# GIVEN DATA:
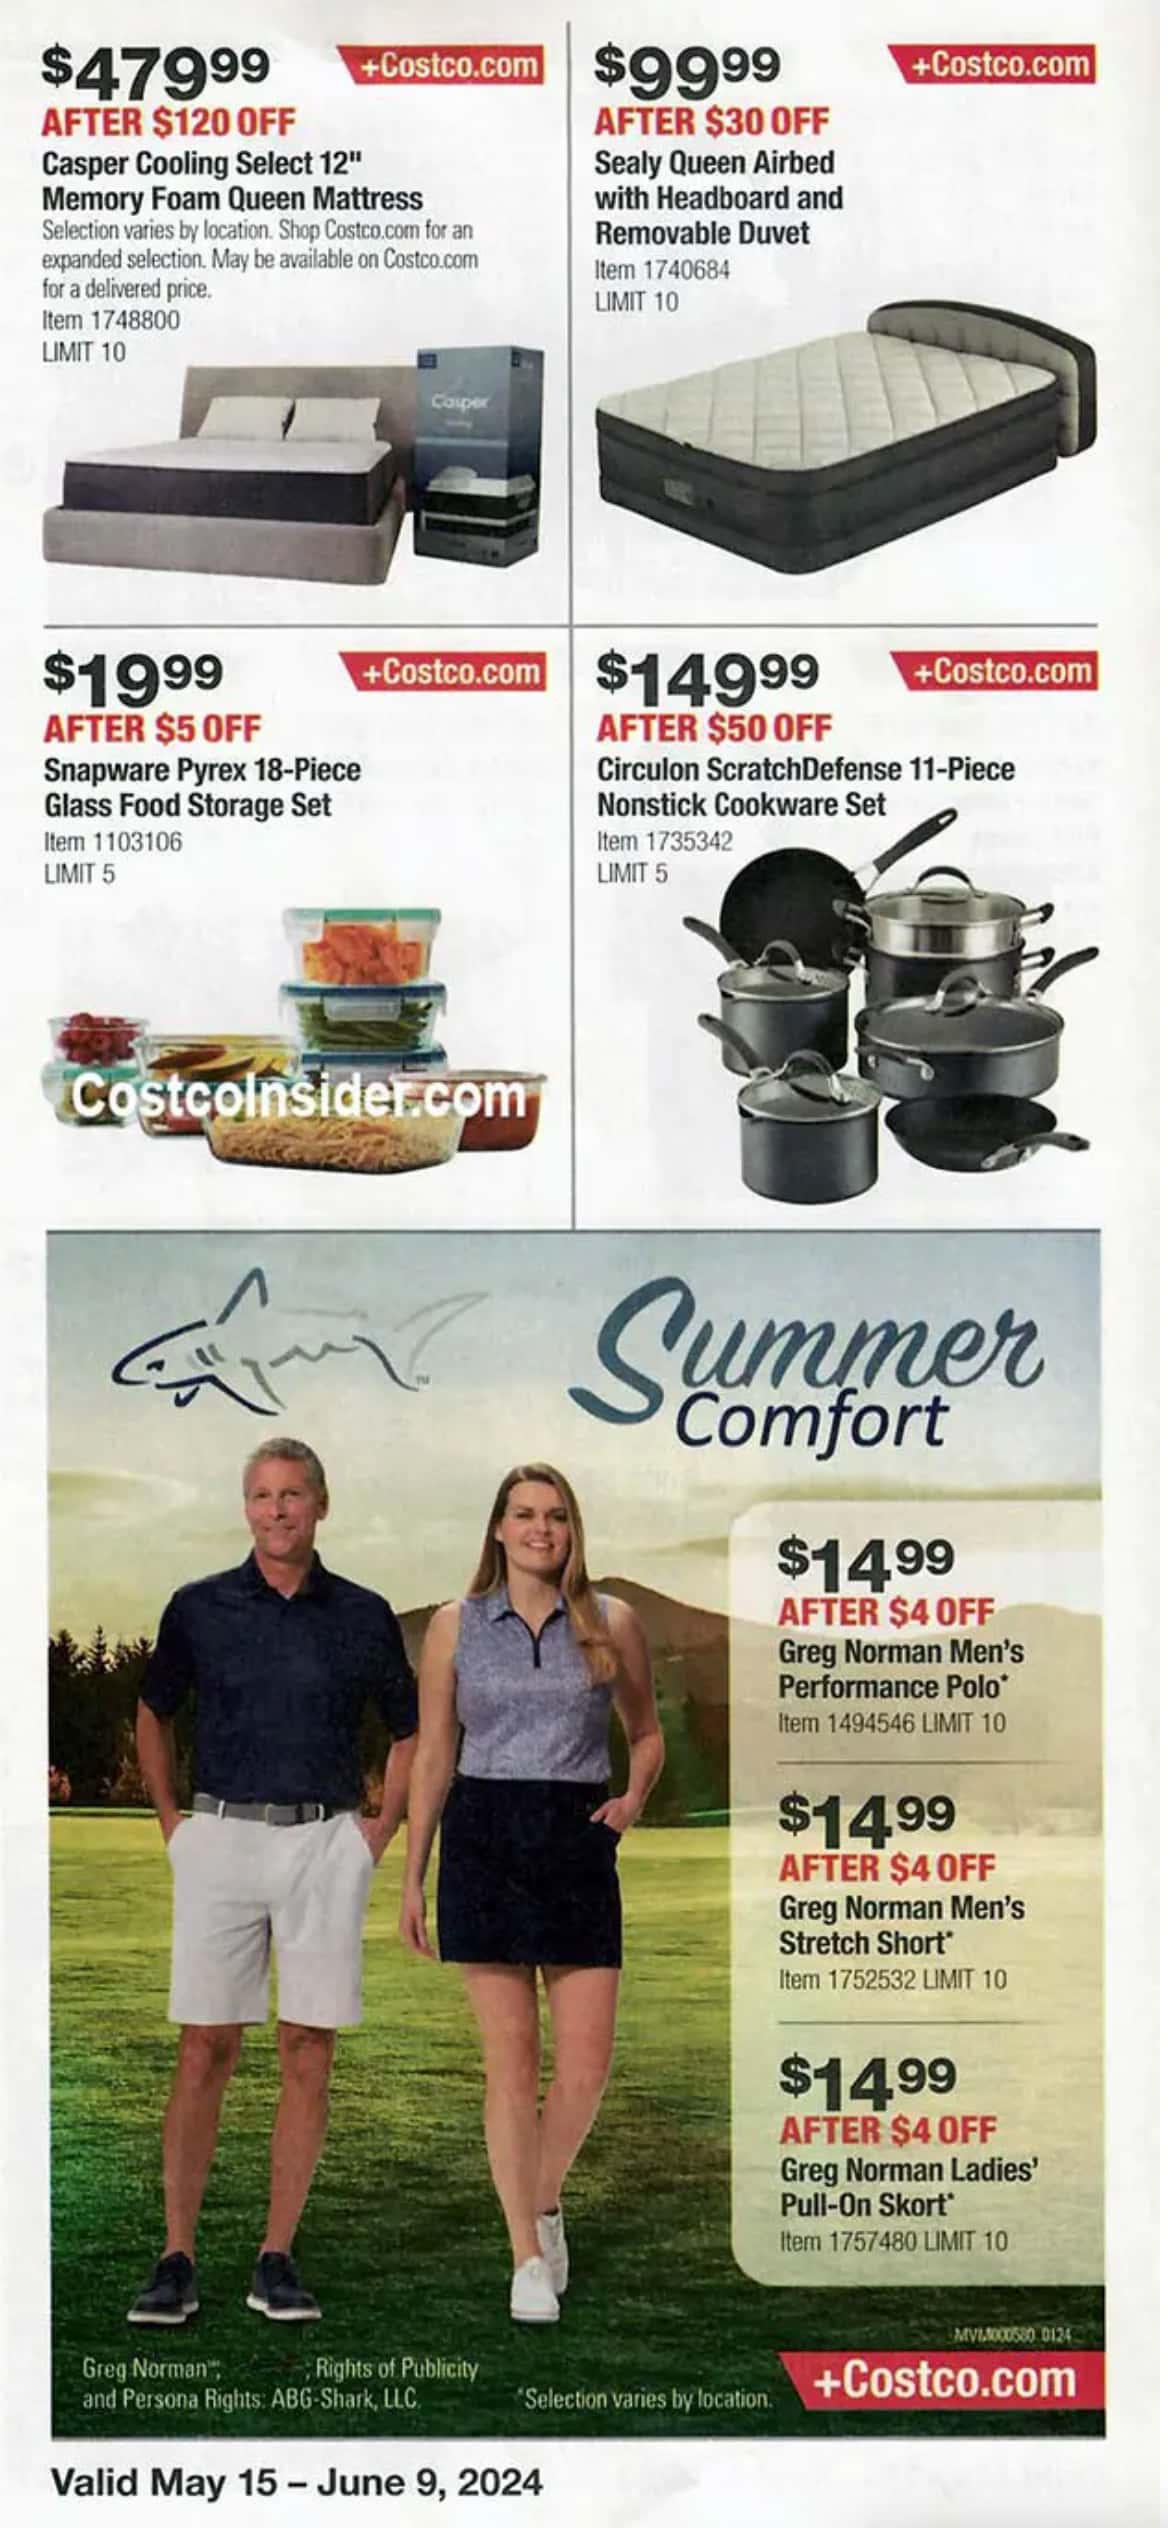 Costco July 2024 Weekly Sales, Deals, Discounts and Digital Coupons.
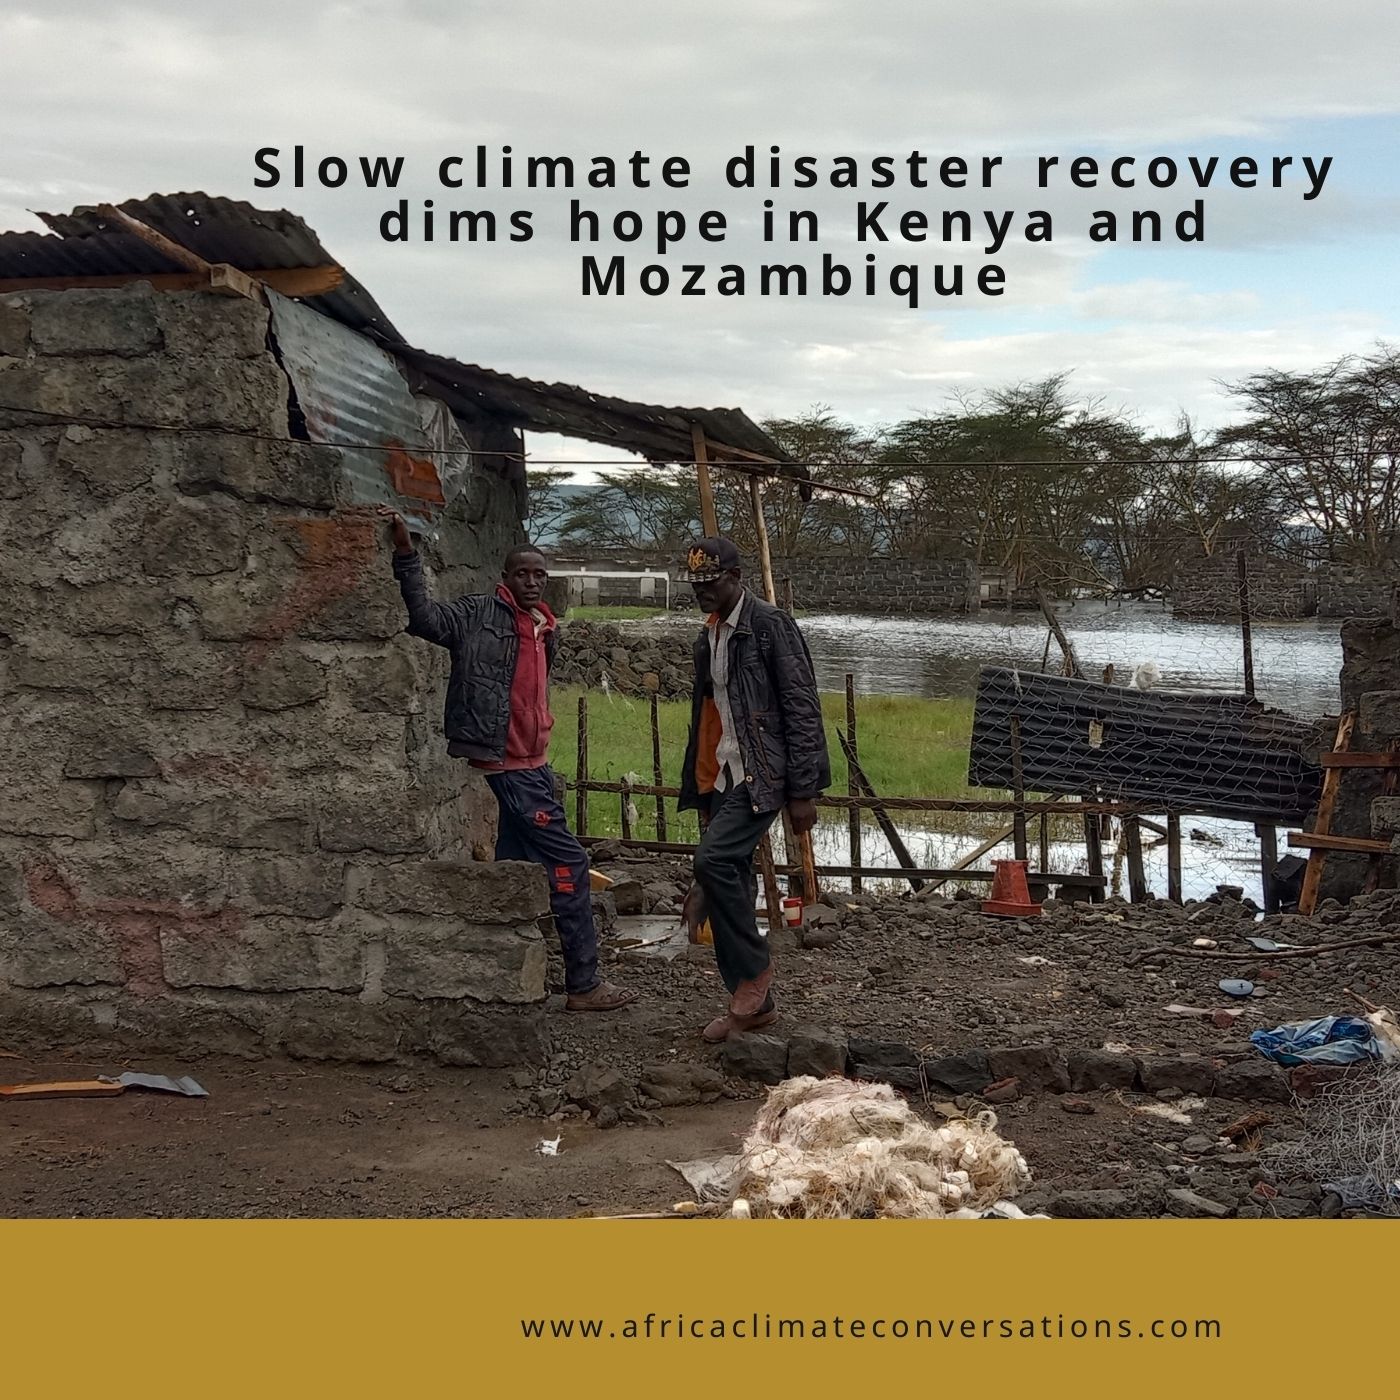 Slow climate disaster recovery dims hope in Kenya and Mozambique
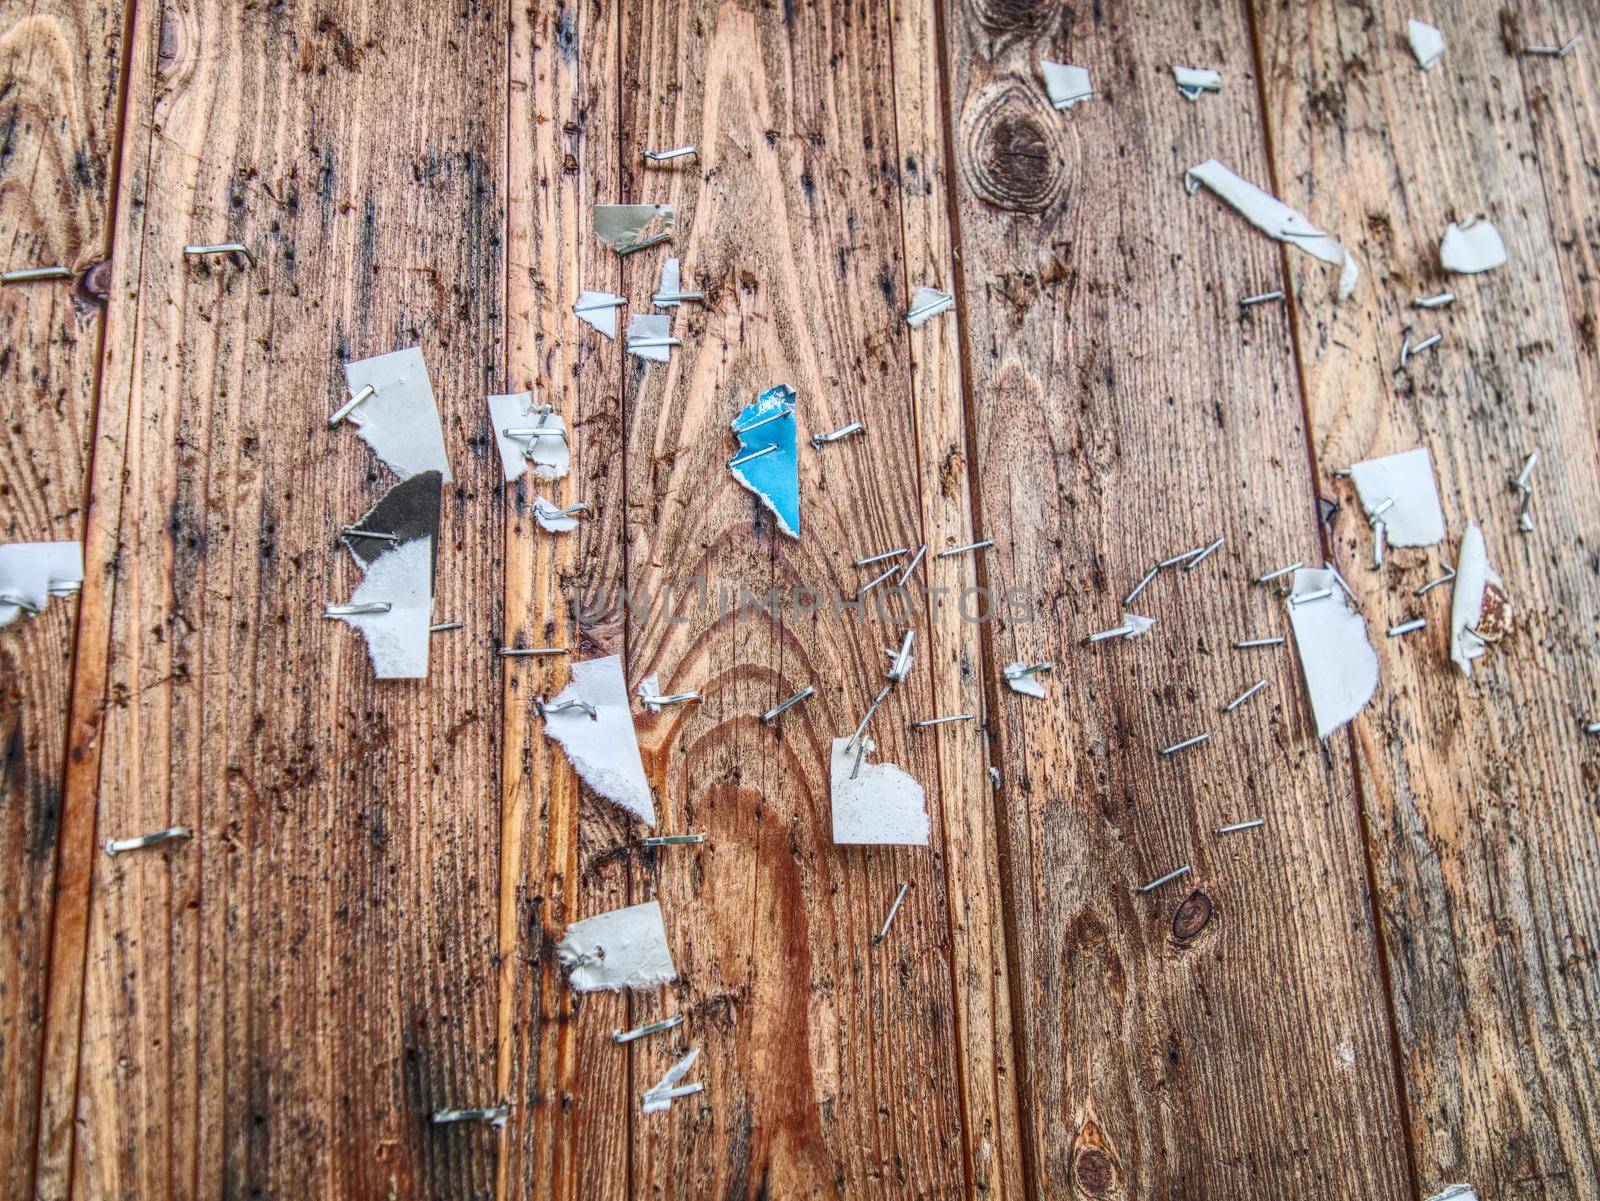 Scraps of paper on a wooden wall or  old wooden fence.  by rdonar2
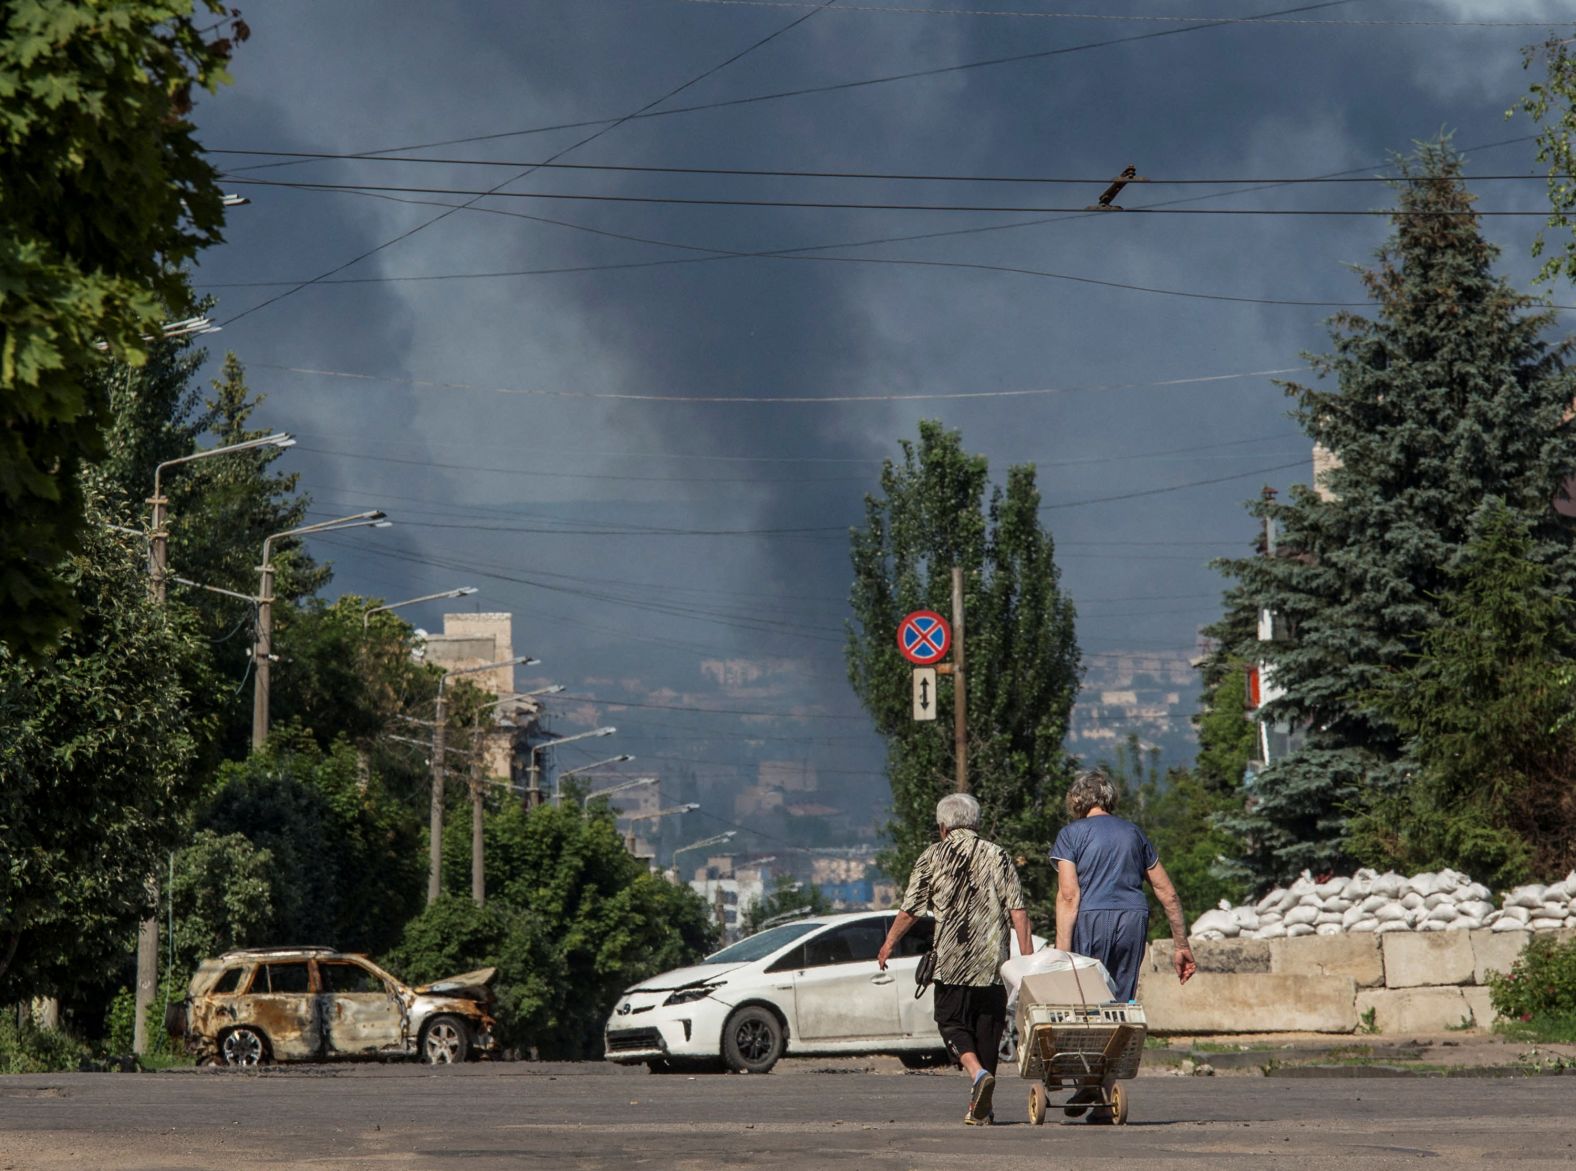 Local residents walk along an empty street as smoke rises in the background in the town of Lysychansk, Ukraine, on June 10.

# AIM OF THE EXERCISE:
Could you repeat the listing above exactly, omitting its pictures?

# RESPONSE TO THE TASK:
 Costco July 2024 Weekly Sales, Deals, Discounts and Digital Coupons.
 Slow climate disaster recovery dims hope in Kenya and Mozambique
 Scraps of paper on a wooden wall or  old wooden fence.  by rdonar2
 Local residents walk along an empty street as smoke rises in the background in the town of Lysychansk, Ukraine, on June 10.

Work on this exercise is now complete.